Seriously.  The Got Milk? campaign is tired and abused.  But dang, it still packs a punch.  I can’t help but envision the Aaron Burr expert and his mouth full of sticky peanut butter.  He’s been waiting all his life for the radio announcer to call with the easy, million-dollar history question.  Ouch.  I’m glad I haven’t reached the depths of peanut-butter mouth but I can certainly relate.  I’m a coffee drinker and if you are one too, you know why there is still life in Got Milk?

My husband laughs at my coffee recipe.  “That’s not coffee.  That’s a milkshake.”  Just because I don’t like motor oil with a splash of “white gold” does not mean I drink milkshakes in the morning.  It does mean however, I need a well-stocked, refrigerator packed with sweet, sweet milk.  Enough so mamma gets her coffee likes she likes, THEN the rest of the family can get their bowl of cereal or cup of “motor oil” pinged with a few cloudy drops and dribbles.

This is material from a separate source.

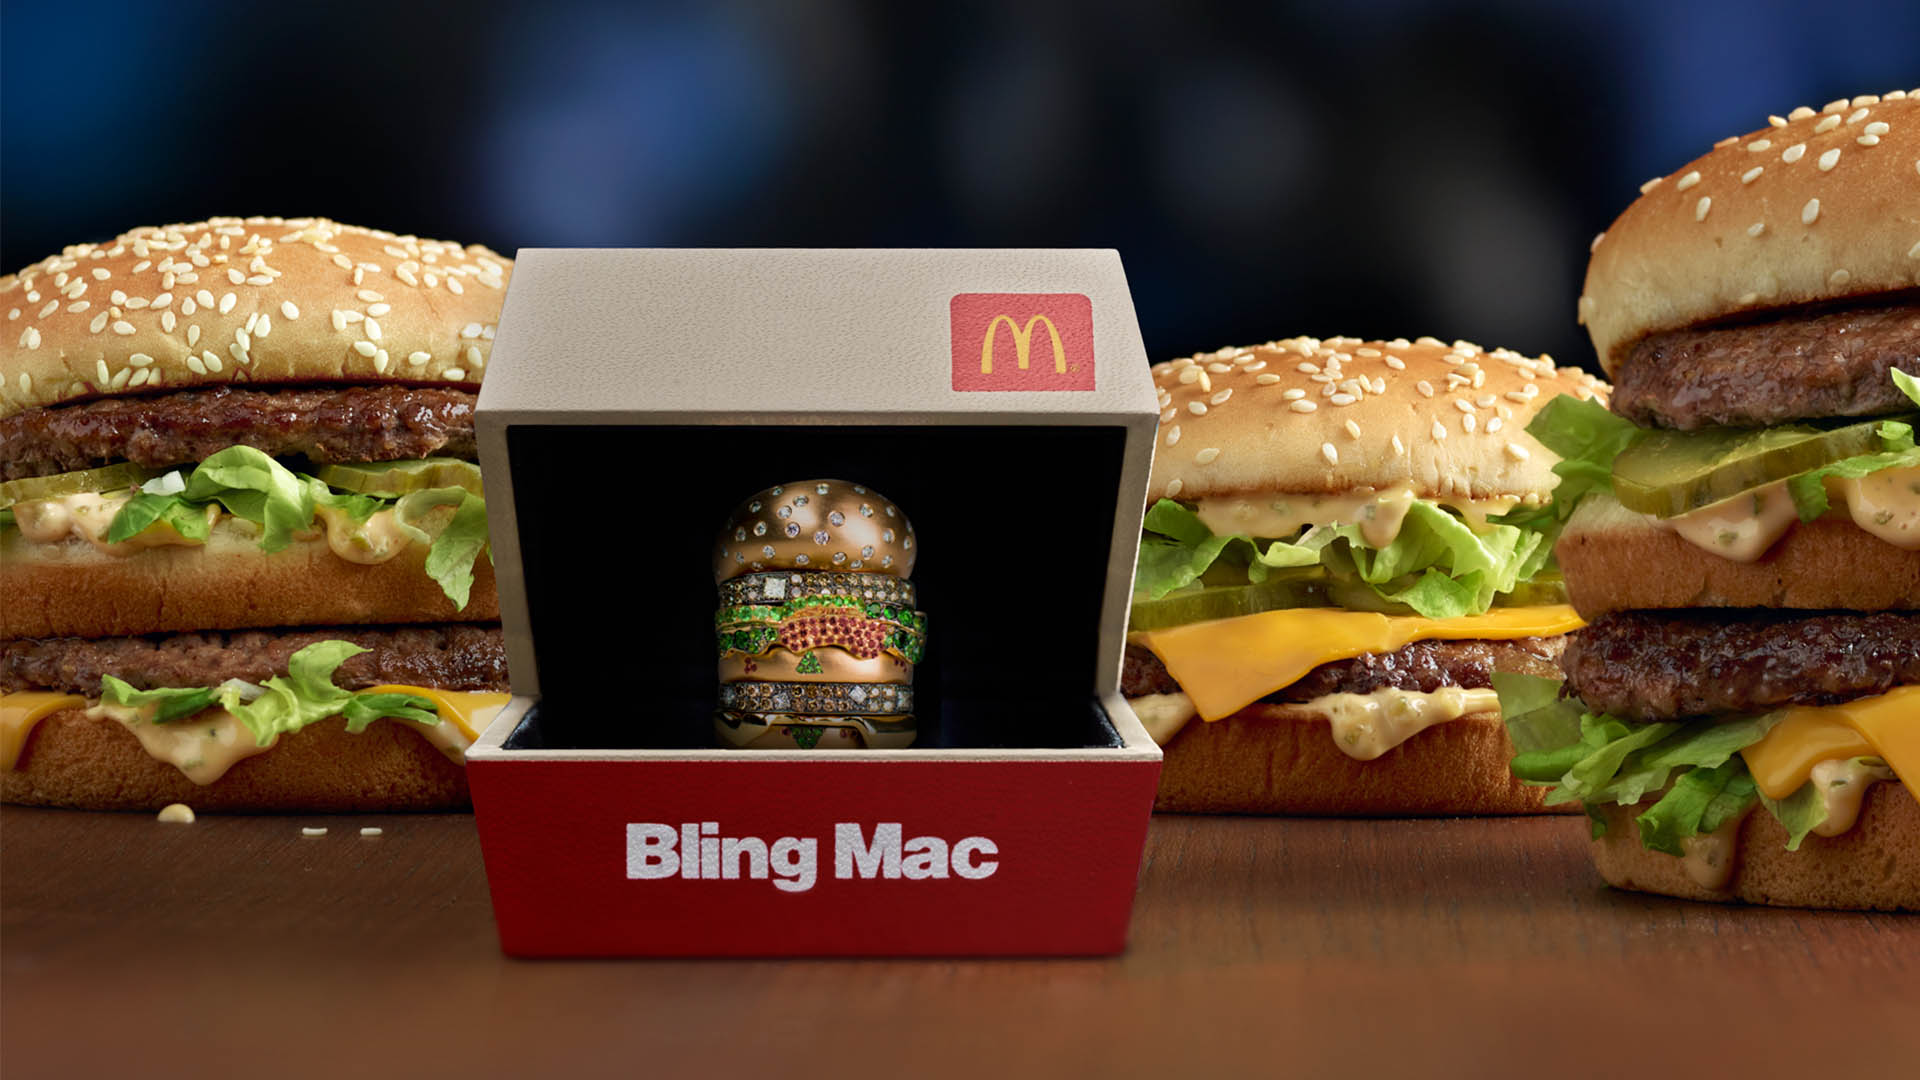 McDonald's offering diamond ring 'Bling Mac' ring - TODAY.com

My Supply. I wasn’t Kidding.

At our house, we are currently going through about a carton a day.  We switched to organic, lactose-free milk; priced like gold.  I’m thrilled my “milkshakes” are not made with soy milk and Coffeemate anymore.  (I turned a blind-eye to the chemical reaction brewing in my system.  I couldn’t sacrifice my steamy, morning mug.)  My entire family now drinks the same milk, YAY!  No more, 2% only for TJ; whole milk for Dad—coffee splash; Soy Milk for Mom and Alex.  However, it’s free-rein in the lactose-free milk domain so we have way more GOT MILK moments, of which it seems I am always the victim.

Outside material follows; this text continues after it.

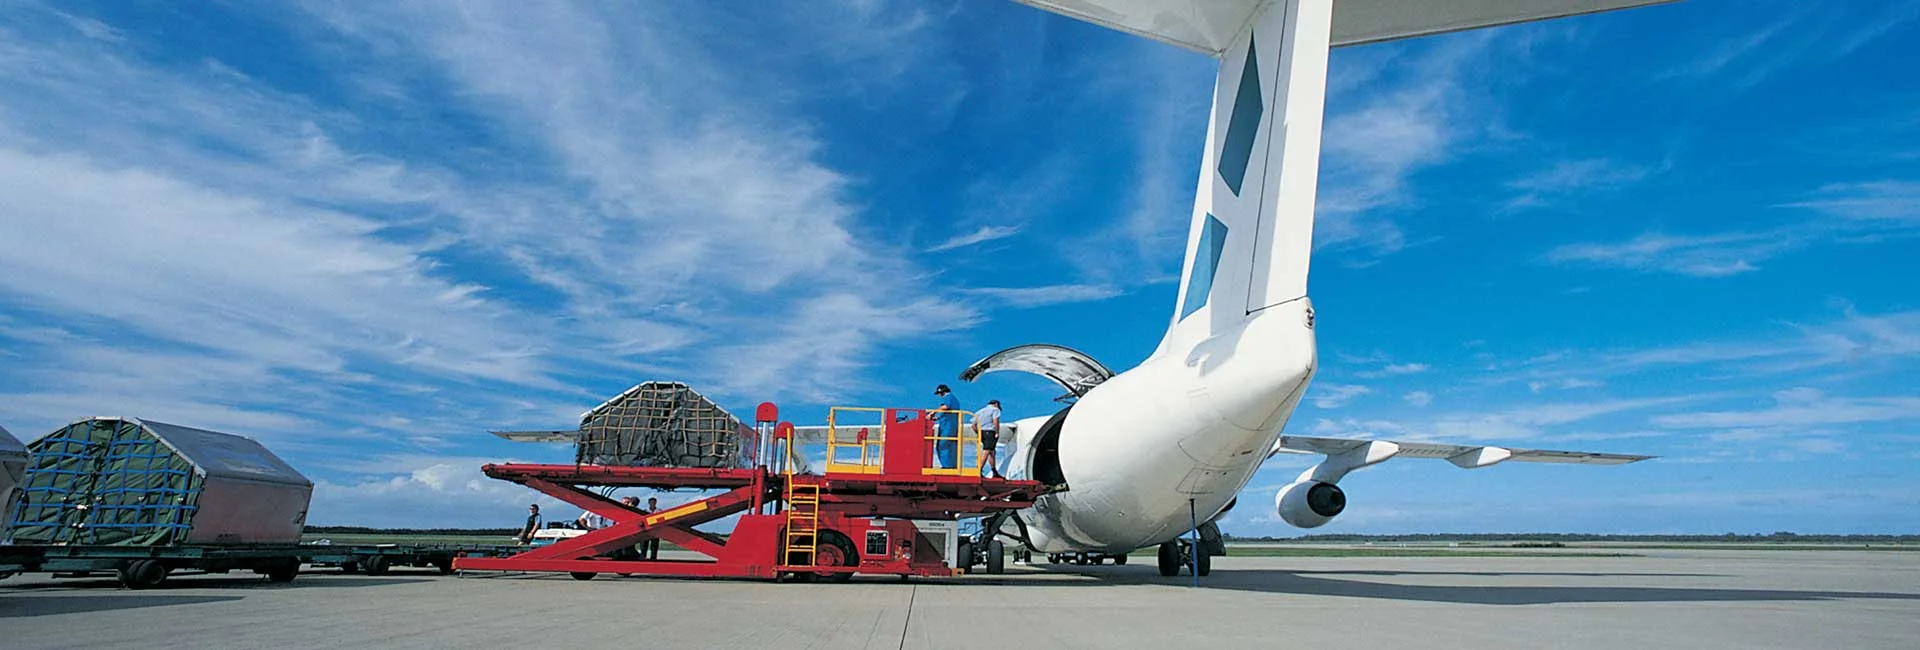 Air Freight Service Banner

My most recent episode took place just a week ago.  Last I checked, we had a good full carton on a Thursday at noon.  I knew restocking was on my agenda for Friday, after school drop-off and AFTER my morning coffee or two.  A rainstorm hit Thursday afternoon and it didn’t occur to me the knee-jerk reaction my boys have when the weather turns.  Hot Chocolate.  I was vaguely aware of the boys grating Ibarra Mexican Chocolate into the pot of warming milk.  “How cute!  They remembered back to preschool days.  And they are going gourmet, not just Hershey’s syrup,” I thought.  On rainy days we used to make hot chocolate and popcorn.  We’d sip and munch while watching a Disney DVD.  I didn’t consider the impact of this trip down memory lane.

MMMMM!

Big Boys drink A LOT more hot chocolate than little boys, especially when left to their own cooking and portion control.  My unfortunate moment was building, unbeknownst to me.

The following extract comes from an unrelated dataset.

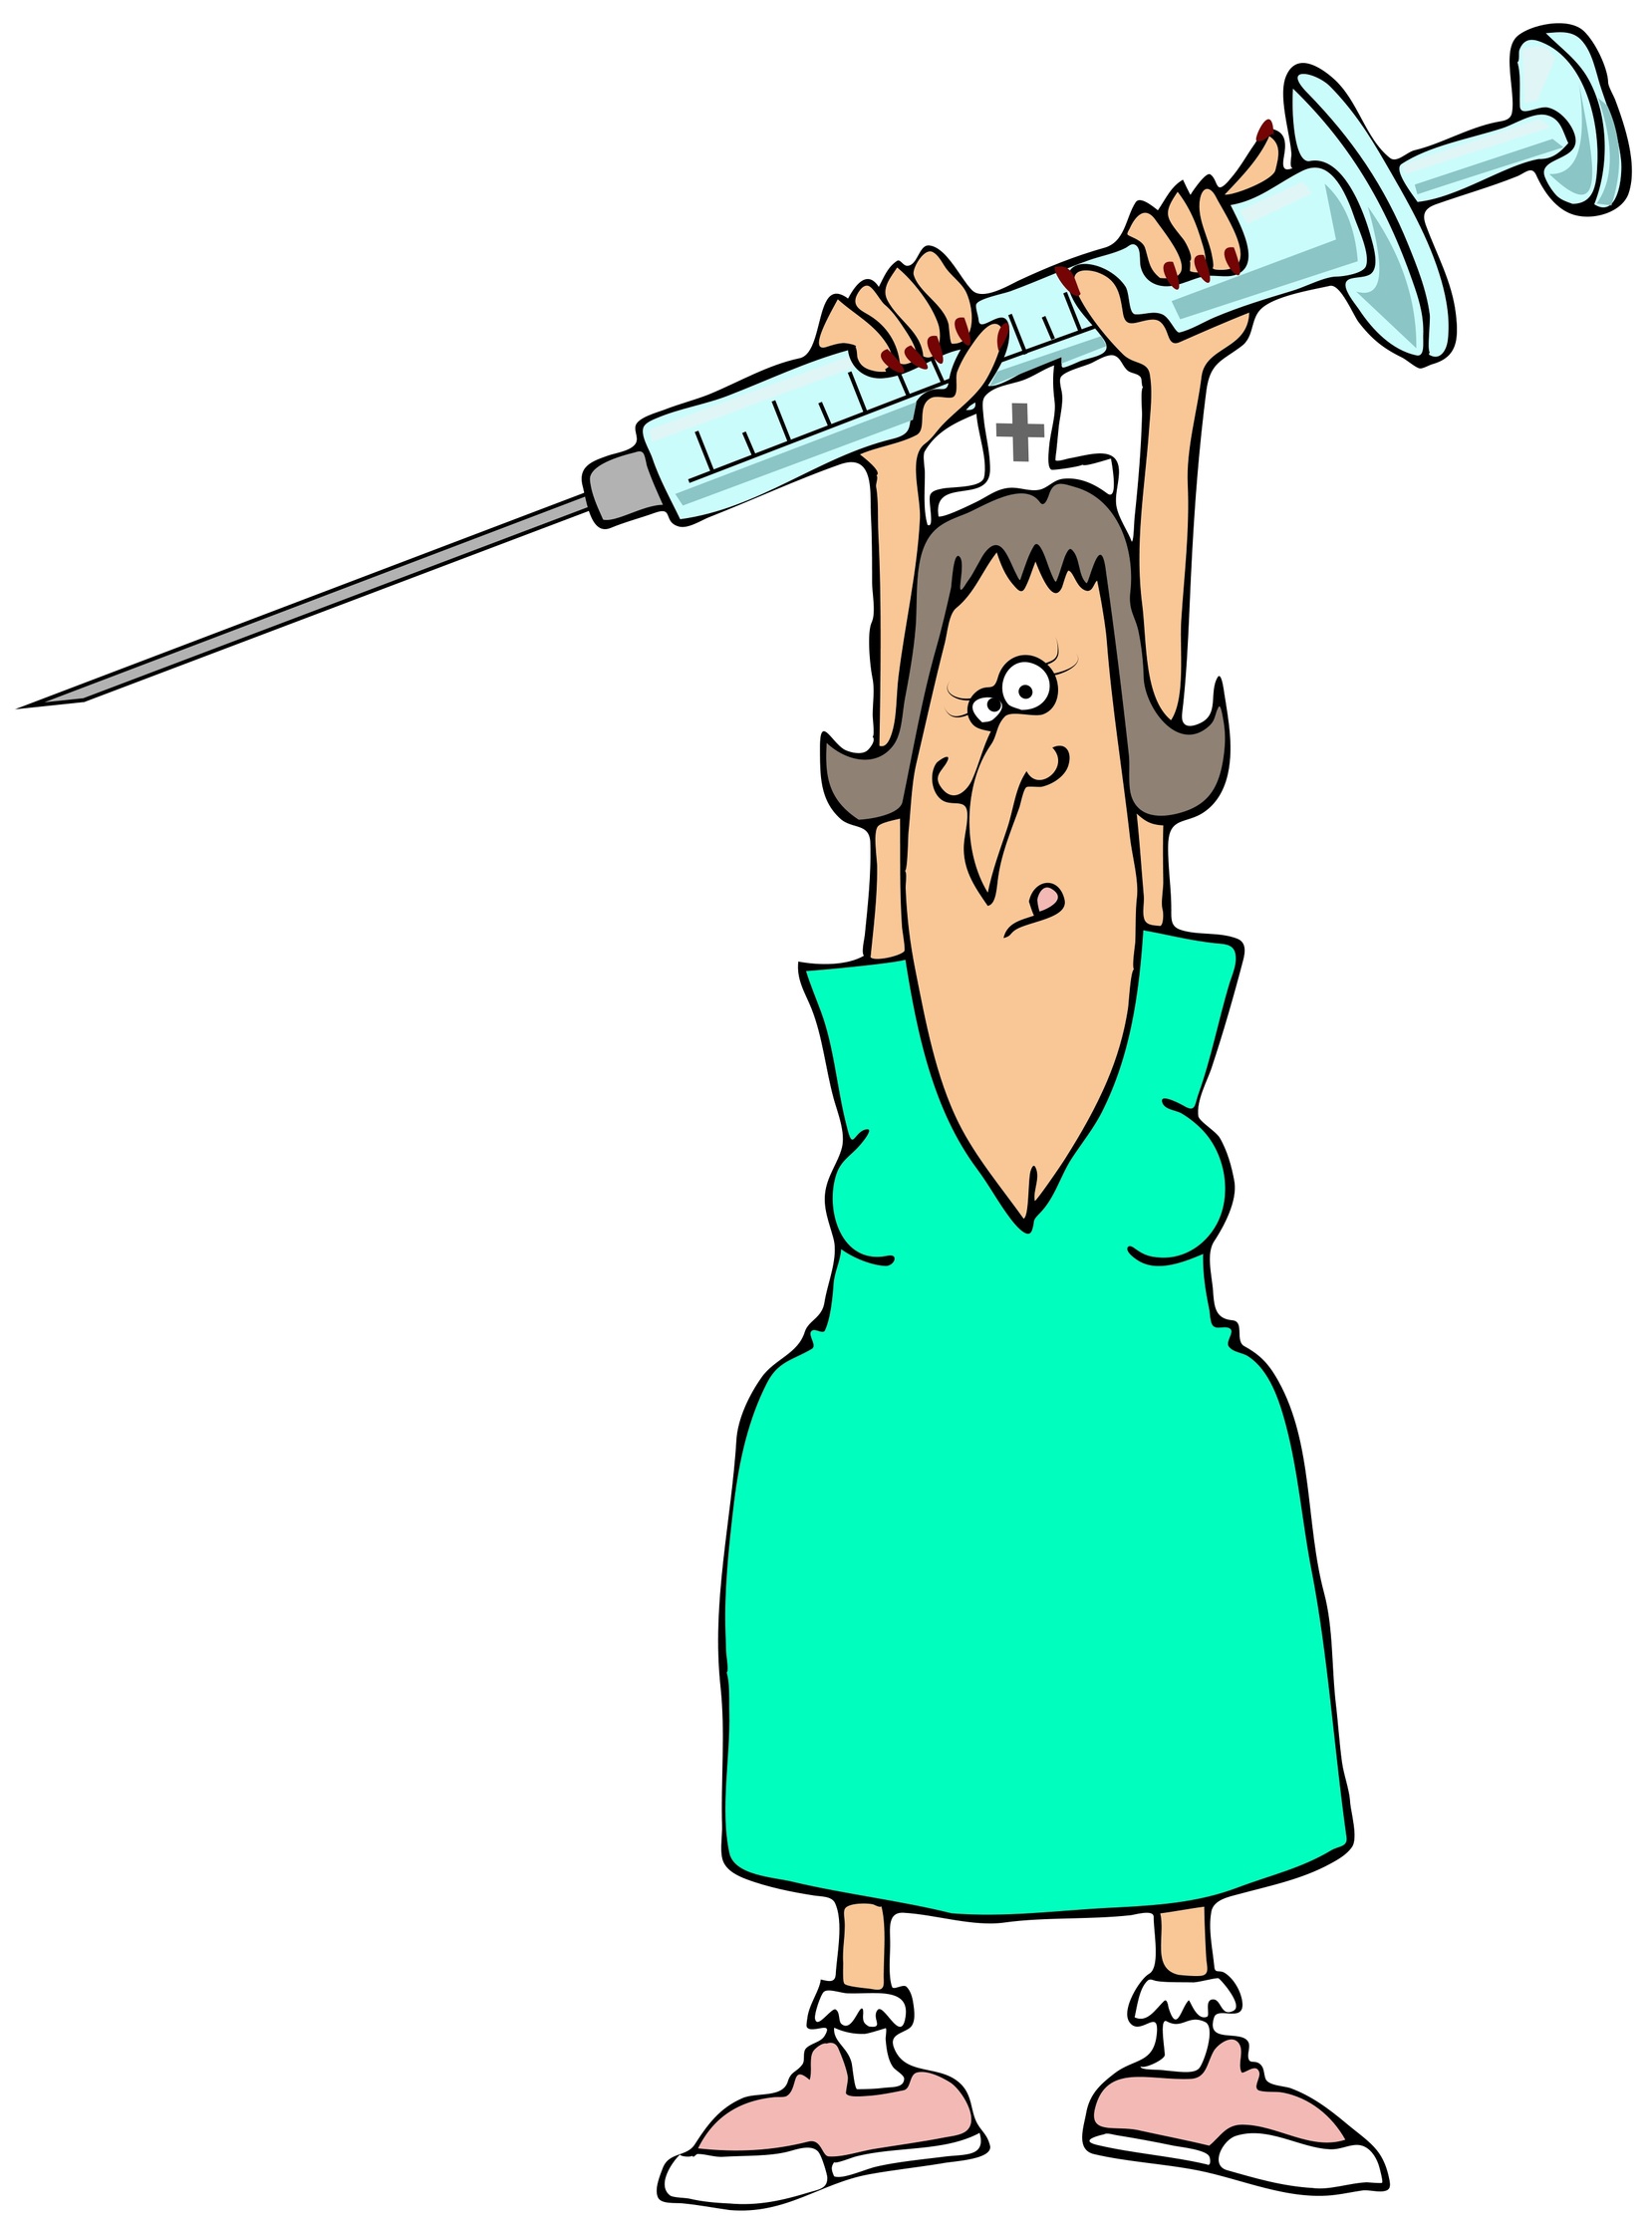 Free Nursing Cartoon Images, Download Free Nursing Cartoon Images png  images, Free ClipArts on Clipart Library

I rise early Friday, 5:30 AM to hit the gym.  (I’m full of fun habits.)  My knee is kind of achy so I pop an Advil with a glass of milk, a very small glass of milk.  AHHHHH!  This can’t be!  How am I going to meet all my needs by 7:05 AM?  DARN!  I should have checked before I went to bed.  But that solid red carton looked so full in my head.  It was still in the refrigerator; it must be full.

I start setting up my bike for spin class when my spin buddy arrives.  I spill out my whoas, “I can’t stay for the whole class.”  “Oh, ya gotta get the kids to school.  I know that one.”  I respond back, “More than that.  We are out of MILK.”  “Oh no! You are sooo headed for the store after class!”

I confess the milk is for my coffee, not the guys.  She was already there.  “Oh of course!  I have a container I mark ‘MOM’ and hide it in the back of the fridge.  I CANNOT be without!” I am relieved someone else is living my life of selfishness and angst.  I’m mad I will miss 10 minutes of calorie burning exercise, but if a coffee/milk? junkie needs her fix, it’s a sacrifice worth taking.  Besides, Cheerios taste better with milk than orange juice.  I think the guys will be happier too.

Now every night, before it’s too late for a grocery run, I admit, I do a milk-shake.  I jiggle the cartons in the fridge to make sure there is enough milk to turn my black coffee taupe-colored, enough to get me through my morning “milkshake.”